После невыносимо долгого трезвона заключительного звонка, я нисходил по боковой лестнице на первый этаж, заполненный верхней одеждой студентов на колышках вдоль стен, и помогал Ире одеть её пальто. В неумолчной галдени одевающихся студентов, я отыскивал белую пушинку на своём пальто и снимал её, только после этого осмотра я продевал руки в рукава, застёгивался и мы шли домой.
Этот белый клочок арахноидной пряжи возникал на ткани моего пальто всякий раз после косяка в очаге высшего образования. Да, вместо овчинного полушубка я носил демисезонное пальто верблюжьей, но почему-то тёмно-серой шерсти, купленное у Алёши Очерета, когда он ещё учился на своём последнем курсе. Ни с кем не делясь открытым мною феноменом возникающей пушинки, я про себя обозначил его термином «Бог шельму метит»… Иногда, для экспериментальной проверки выводов, я воздерживался от косяка в учебном заведении и в таком случае пушинка не появлялась. Поэтому, прежде чем одеть пальто, я проверял его на наличие белой метки. Она ни разу не подвела…
Моя любовь к Ире всё углублялась. Иногда она просила не глазеть на неё так упорно в присутствии публики, но я всё ещё надеялся остановить утекающий миг.
"Он смотрел на неё, как смотрит пёс на хрустальную вазу,
а она на него – взглядом хрустальной вазы на пса…"
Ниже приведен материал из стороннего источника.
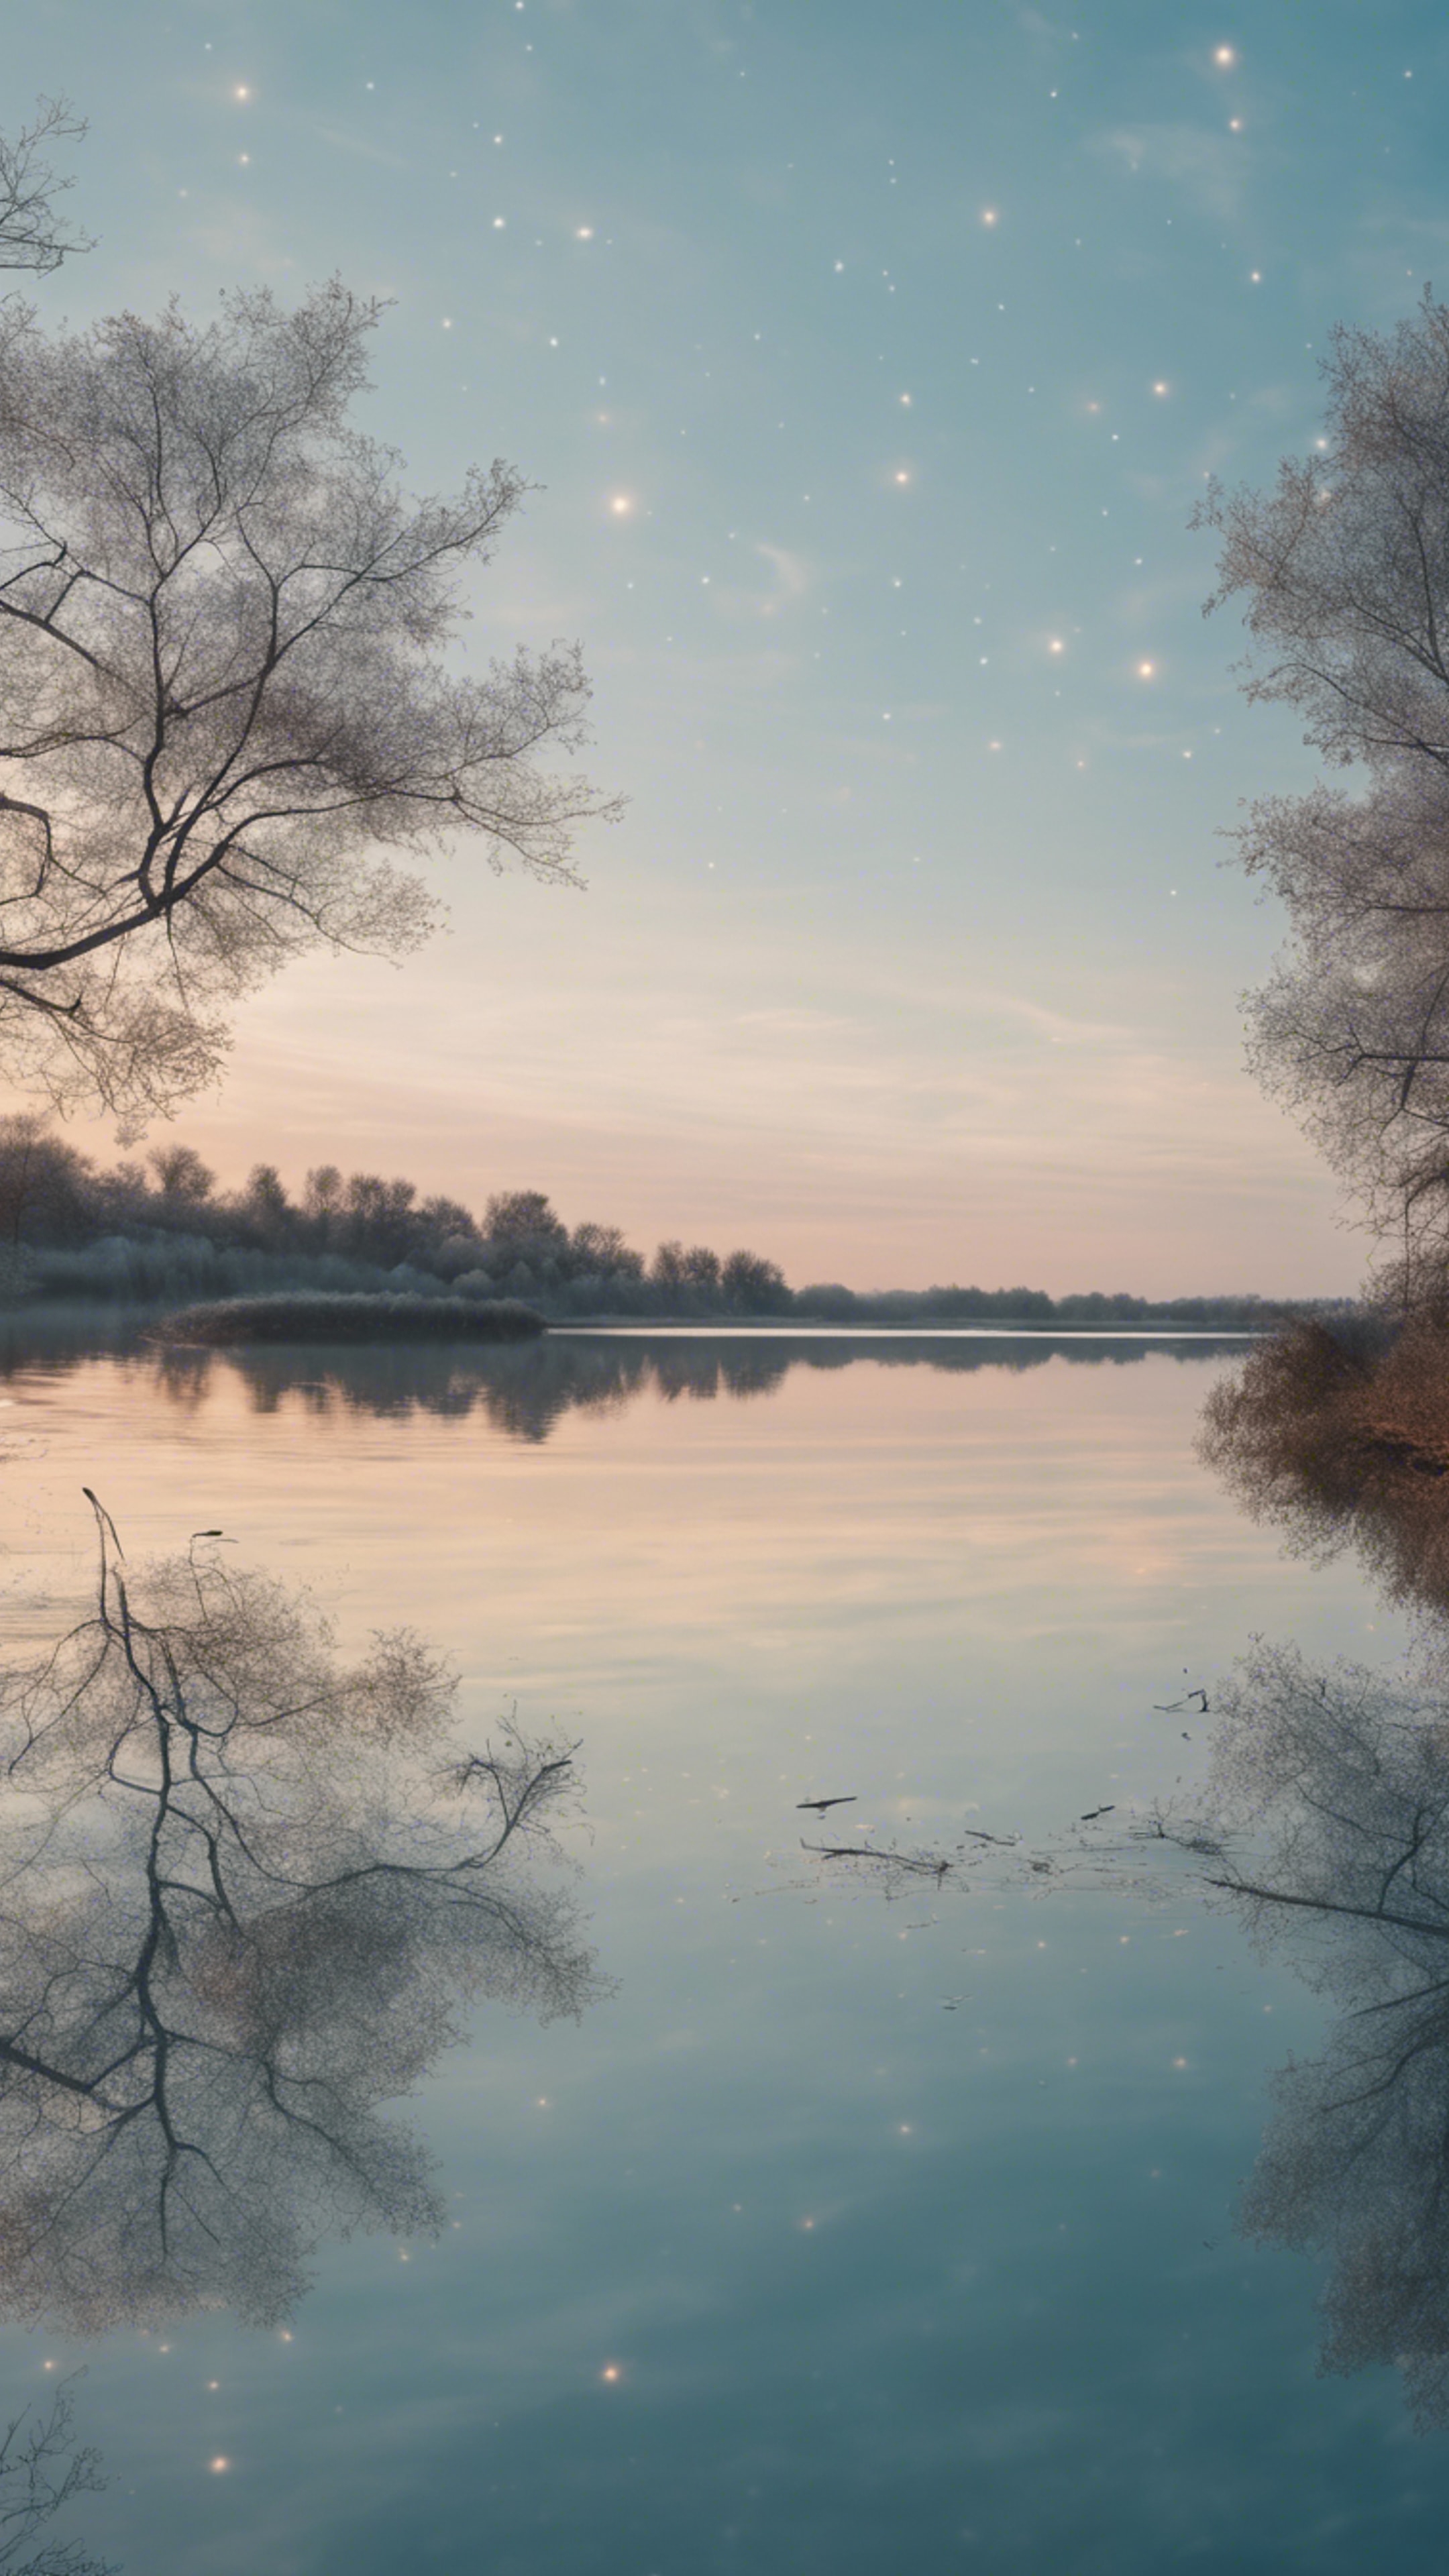 A pastel blue sky at dawn reflecting on a tranquil lake.壁紙[f0afb54b812141669b7c]

Иногда мы посещали Общагу чинно расписать «пулю» в 72-й. Из-за того, что Ира в положении, мы за преферансом не курили, только Двойка изредка, с видом муштрованного кадетским корпусом корнета, испрашивал её позволения закурить и дымил на зависть мне и Славику… А Ира с отсутствующим видом сидела у окна и мелко крошила ножницами взятую у меня беломорину…
Она не делала тайны из своей беременности и ещё на втором месяце заказала у Лялькиной матери элегантный широкий сарафан из коричневой ткани.
Однажды, уже по весне, она вышла из Общаги первой, пока я задержался с Двойкой в вестибюле. Когда я вышел на крыльцо, Ира стояла возле угла здания и пререкалась со студентом БиоФака, свесившимся через подоконник на втором этаже. Неспособный понять смысл сарафана, борзо?й второкурсник пытался тупо подцепить незнакомку и её отповедь его не образумила. Я потребовал от Дантесиного отродья извинений даме и получил наглый отказ.
Пока я подымался к нему в комнату, ко мне примкнул Двойка, но там оказались ещё трое. Последовала неразборчивая стычка с переменным успехом, к жильцам постоянно прибегало подкрепление из соседних комнат. Вспоминается мелькнувший эпизод, когда я стоял на чьей-то койке, а кто-то из противников, стоя на полу, упорно подставлял свою тупую рожу под пинок моей туфли, но я воздержался – слишком уж явно он этого добивался.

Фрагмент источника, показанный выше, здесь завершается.